Just when Sam’s flashlight batteries began to die, they broke from the woods into a meadow. “Hey!” Winslow said. “Now I know where we are! This is my grandpa’s farm. How come we’re—” Then he saw the barn, golden light flooding through two small windows. “We’re going to keep Hannah here, aren’t we?”
“Smart boy!” Sam said, clapping Winslow on the back. “Shug’s going to stay the night, give us a chance to sort some things out.”
Matthew came out the back door of the house as they neared the barn. Winslow ran to meet him.
“Look who we’ve got!” he called.
Matthew gave the boy a hug and walked with him toward the barn, where Sam, Reginald, and Hannah were standing. “Well, now!” Matthew said, shaking Sam’s hand warmly. “Did you run into any problems?”
“No, sir,” Sam said. “Least, not once we got out the gate.”
“Good, good.”
Matthew slid open the barn door. The barn was a clean, dry, open place neatly holding the tools of a gentleman farmer—a ride-on tractor, hay mower, wheelbarrow, hay rake, and a few tools. The rest was a hayloft, several horse stalls with hay strewn over their dirt floors, and a lot of air. Matthew hung several Coleman lanterns to boost the golden light of the overhead bulbs. Hot white lantern light threw shadows into the corners.
“Think this’ll do, Sam?”
“Yes, sir. I think this should be about perfect.”
A car crunched up the gravel drive and stopped in front of the barn.
“Ah!” Matthew said. “Here’s my son.”
Truman joined them in the barn, closely followed by Miles. Miles snuffled his way in while Hannah watched him with rolling eyes, reached toward him tentatively with her trunk. The little pig twitched his tail and gamely turned in a circle so Hannah could sniff all of him. Truman took the wheelbarrow to the car and came back with his two bales of hay.

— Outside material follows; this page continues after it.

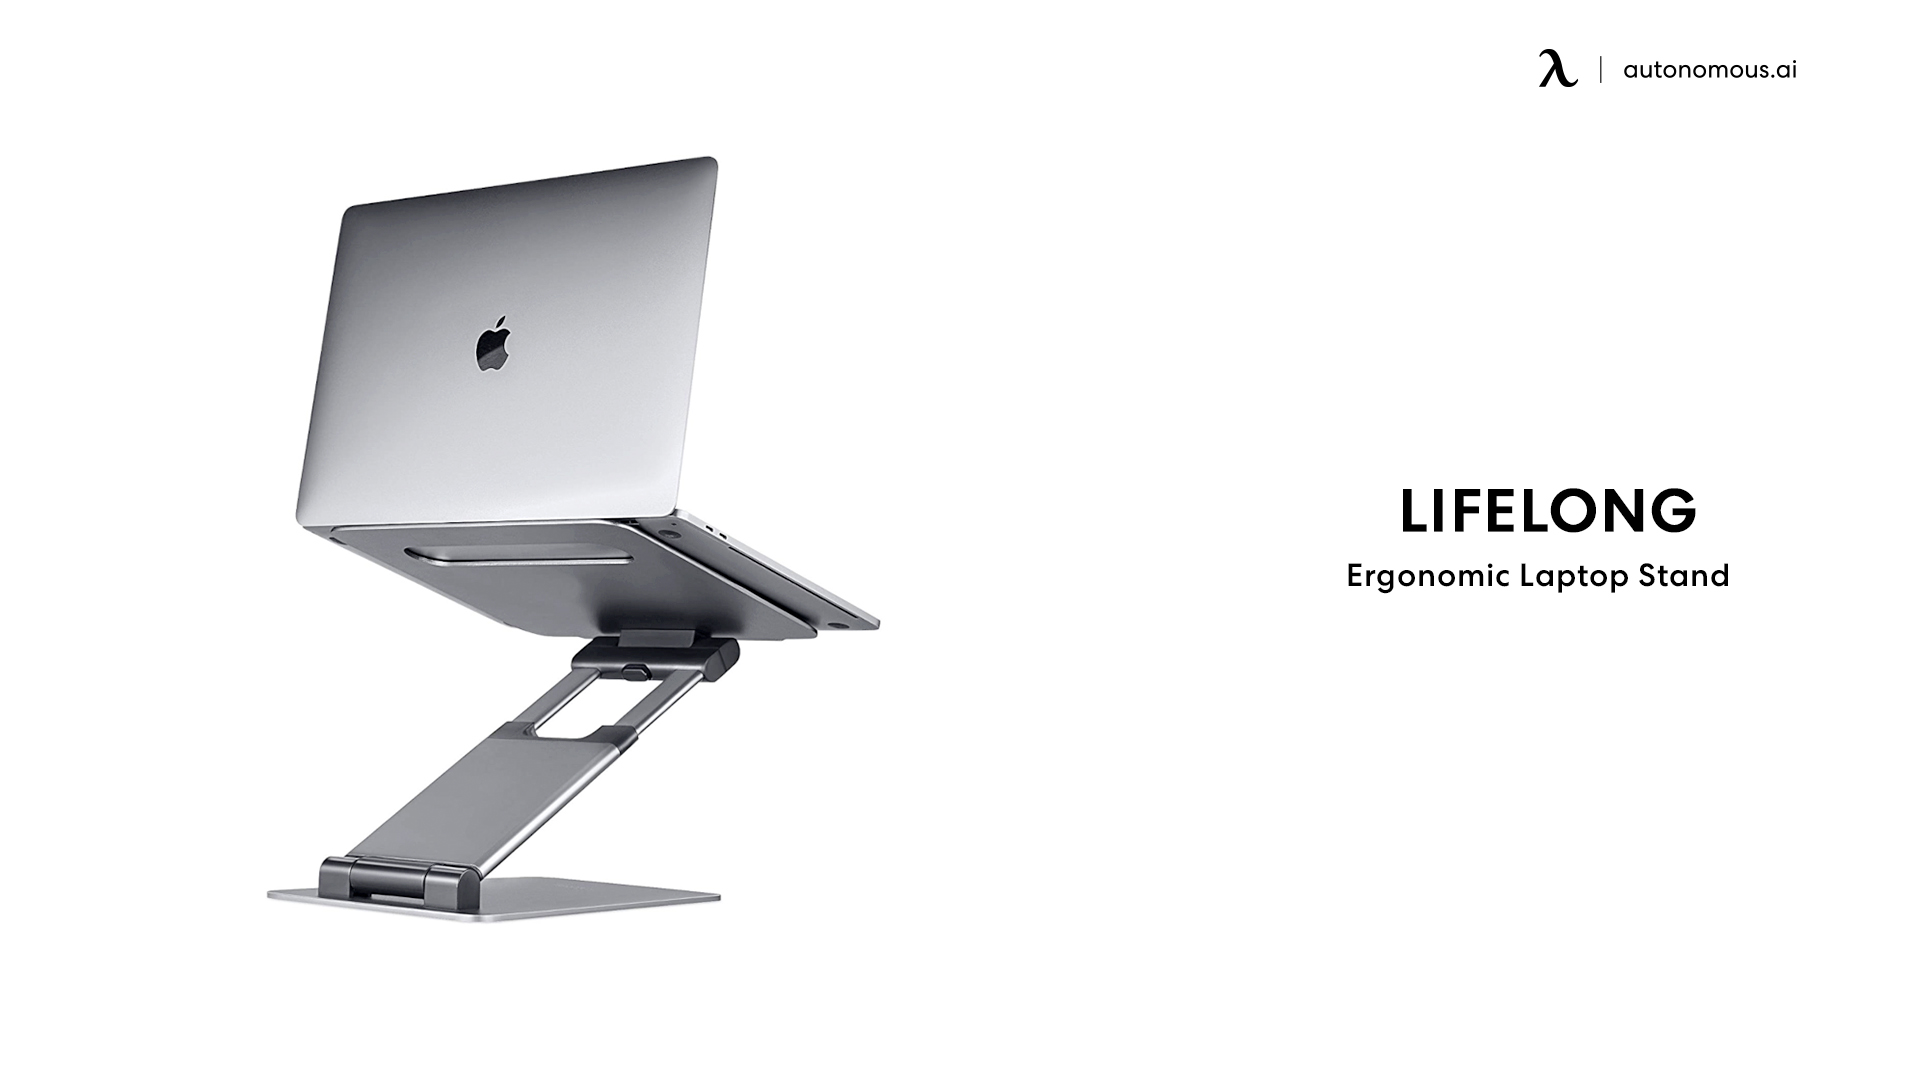 Lifelong Ergonomic Laptop Stand

Reginald poked Winslow hard in the ribs. “That your pig?”
“Yeah. He farts a lot.”
Reginald snorted appreciatively, looking around. “This is real nice. You get to come over here often?”
“Yeah,” Winslow said. “Sometimes I get to drive the tractor.”
“Yeah? I visit my grandpa sometimes, too. He lets me do whatever I want. One time I ate twenty-two Eskimo Pies in a row.”
“Yeah?” said Winslow.
“Yeah. I’m going to see him again soon, and we’re going to stay up all night and play paintball.”
“You’re lying,” Winslow said.
“Nuh uh,” said Reginald.
“So where does he live?”
“Here.”
“Where’s here?”
“Bladenham.”
“Yeah, but what street?”
“I don’t know. I never paid attention.”
“I bet you don’t even have a grandpa.”
Reginald kicked Winslow hard on the shin, and then they were scuffling in the hay.
“Boys!” Truman called. “Knock it off.”
“He’s telling all these lies,” Winslow said.
“Then he probably has a good reason,” Truman said. “Find something else to talk about.”
Sam was telling Matthew, “Shug must think she’s died and gone to heaven with all this nice hay and pretty barn. It’s been a long time since she got to go anyplace new.”
“Did she get through the day without too much harm?” Truman asked. He looked down at Hannah’s bloody ankle and winced.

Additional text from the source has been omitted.